Authored by James Howard Kunstler,
Systemic Considerations
“Every western society is confronted by an internal cultural conflict between those who wish to distance society from its civilizational legacy and those who wish to renew it.”
– Frank Furedi on Substack
Contraction is the reality-based order-of-the-day, and everything else is downstream of that. The world has to get by with less. Nothing is going to fix this for everybody, though any number of schemes for redistributing what’s left will preoccupy the political mojo.
Right now, it’s tariffs, which are an attempt to restore industry ceded to the formerly left-behind people elsewhere in the world — taking back what we used to do. You are correct to wonder if this is even possible. The wish is surely understandable, if a bit fuzzy and over-simplified: to be again a nation of people occupied purposefully in the service of a bright future. Redemption stories are deeply appealing.
Many of us are aware that the hour for this is late. We’ve already lived through our decades of pumping cheap oil out of American ground, extracting the ores, fashioning the metal into I-beams and rails, raising the skyscrapers, laying the asphalt ribbons of highway, and strewing the landscape with split-level houses and strip-malls. Let’s not try a re-run of that.
What have we got to work with?
An overly-complex matrix of systems and subsidiary systems operating on the verge of failure at excessive scale. For example, our cities and their asteroid belts of suburbs. The rot is already well-advanced in many of them from their centers outward, and we can see the process underway of strip-mining the remaining assets on-the-ground. Detroit, Cleveland, Baltimore. . . all occupy important geographically strategic sites. All are populated by dwindling societies of the cope-less, floundering their way out of existence. The geographies will abide without them. Others will come along and make something of these places’ virtues.
Agri-business is a method for strip-mining the value from what remains of our fruited plains. Everything about it is on an arc of failure, mortgaged to a futureless giantism. It seemed like a good idea at the time, and now that time has passed. The remaining soil itself can probably be rescued with heroic ant-like peasant labor over generations, which is to say a long and rather desperate project with no quick resolution. Even if Robert F. Kennedy, Jr., hadn’t come along to read America the riot act on food, anyone can see that the age of Froot Loops is drawing to a close.

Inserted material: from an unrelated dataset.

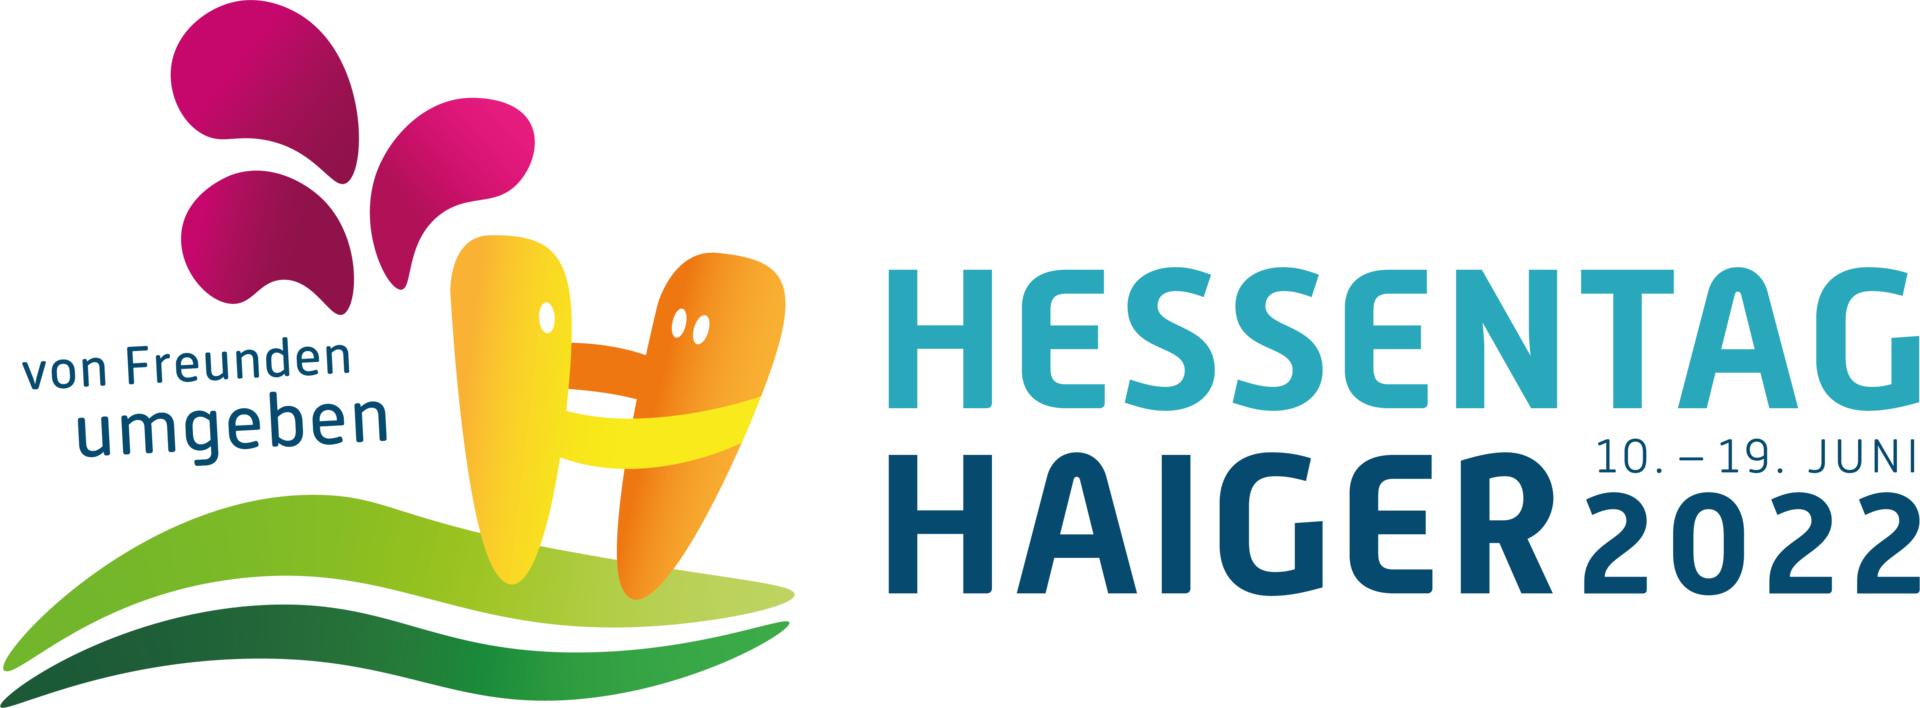 Hessentag

Town and country, what human society at its best was composed of, has got to be rearranged. This is something that MAGA is not talking about. MAGA looks like it is seeking a reenactment of the years 1950 to 1964. That isn’t going to happen. What then? The tech broz propose something that looks like an A-I printed robotic future. They are drunk on their own Stanford University brand Kool-Aid, hallucinating a future that is little more than math dressed in spandex.
It is nearly impossible to grok the size of their vast fortunes, their billions. Thousands upon thousands of millions. From what? From marshaling squadrons of lawyers to draw up ownership documents for this and that venture enabling idiots with nose-rings to lecture each other about sexual etiquette on cell-phone screens? Warning: don’t become infatuated with singularities, journeys beyond biology and the ecology of planet earth. That’s a story for saps, cargo-cultists, the mentally ill.

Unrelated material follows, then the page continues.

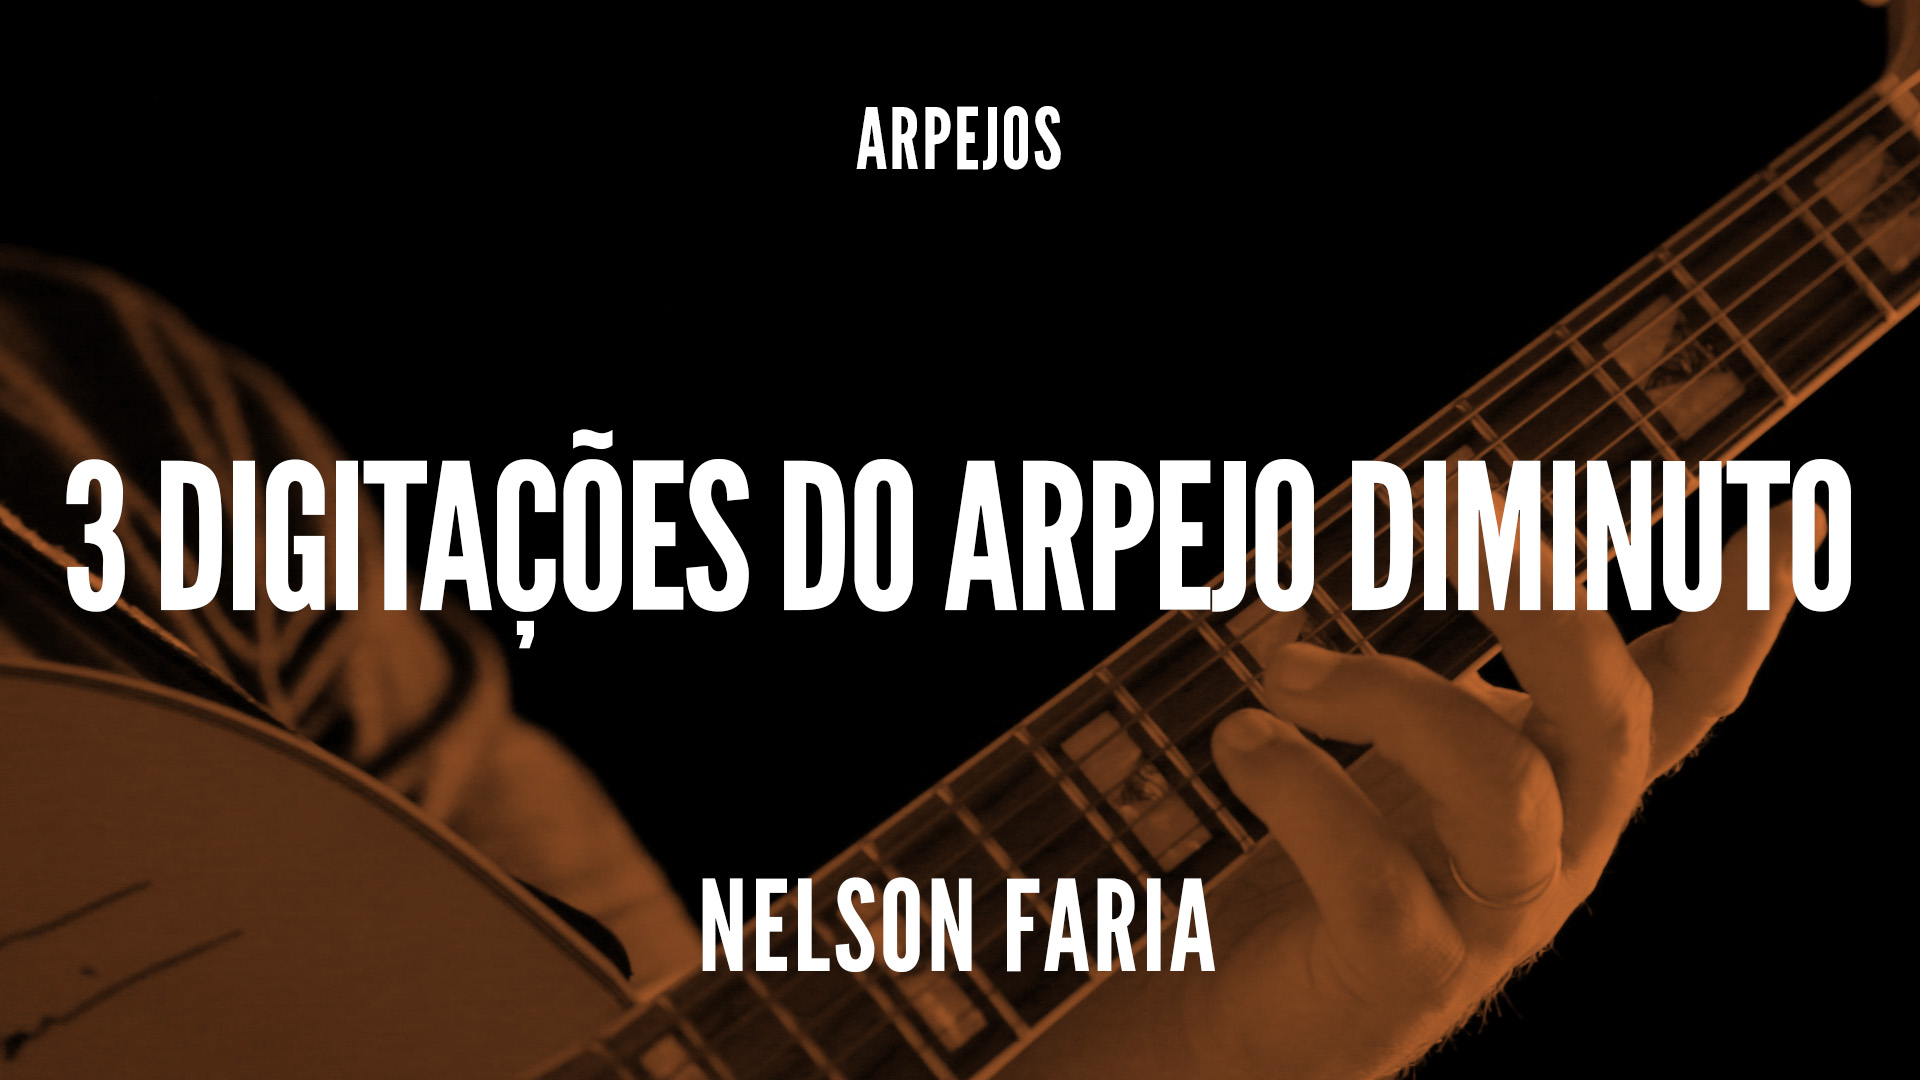 Nelson Faria segura sua guitarra - título "3 digitações do arpejo diminuto"

Speaking of all that money, one thing you can surely depend on is a violent unwinding of global finance. The vast bottom of humanity already has plenty of nothing, and their abundance will abide. The hedge fund broz and related broz in the shared hallucinations of capital can make some provision for wealth preservation if they have half-a-brain. It’s the great wad in the middle that has the worst problem: they get wiped out and then they discover they have no Plan B. That’s when the fun really kicks off in America (and other sovereign lands, of course.)

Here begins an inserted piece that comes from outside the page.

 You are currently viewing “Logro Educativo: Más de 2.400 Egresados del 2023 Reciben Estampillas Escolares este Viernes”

Things are breaking ‘out there.’ The financial world’s feedstock is promises. In a trusting world, promises are a splendid technology. Promises allow you to borrow hamburgers from next Tuesday to have a hamburger today. . . .and all else that follows from that. In a not-so-trusting world, promises go up in a vapor with the morning dew.
The folks in charge will attempt to manage the manifest contraction that is upon us by doing everything possible to pretend that it isn’t happening and to deflect from any signals that happen to get through the muzak they broadcast about blue skies and staying on the sunny side. If you are serious — even serious about the comedy sure to arise out of this — you will be prepared for all kinds of trouble: shortages, hunger, civil strife, cold, darkness, the absence of TikTok.
Your number-one job is to stay sane.
Now, go forth and revel in today’s fine spring weather, mindful of the many more fine days to come as history spools out.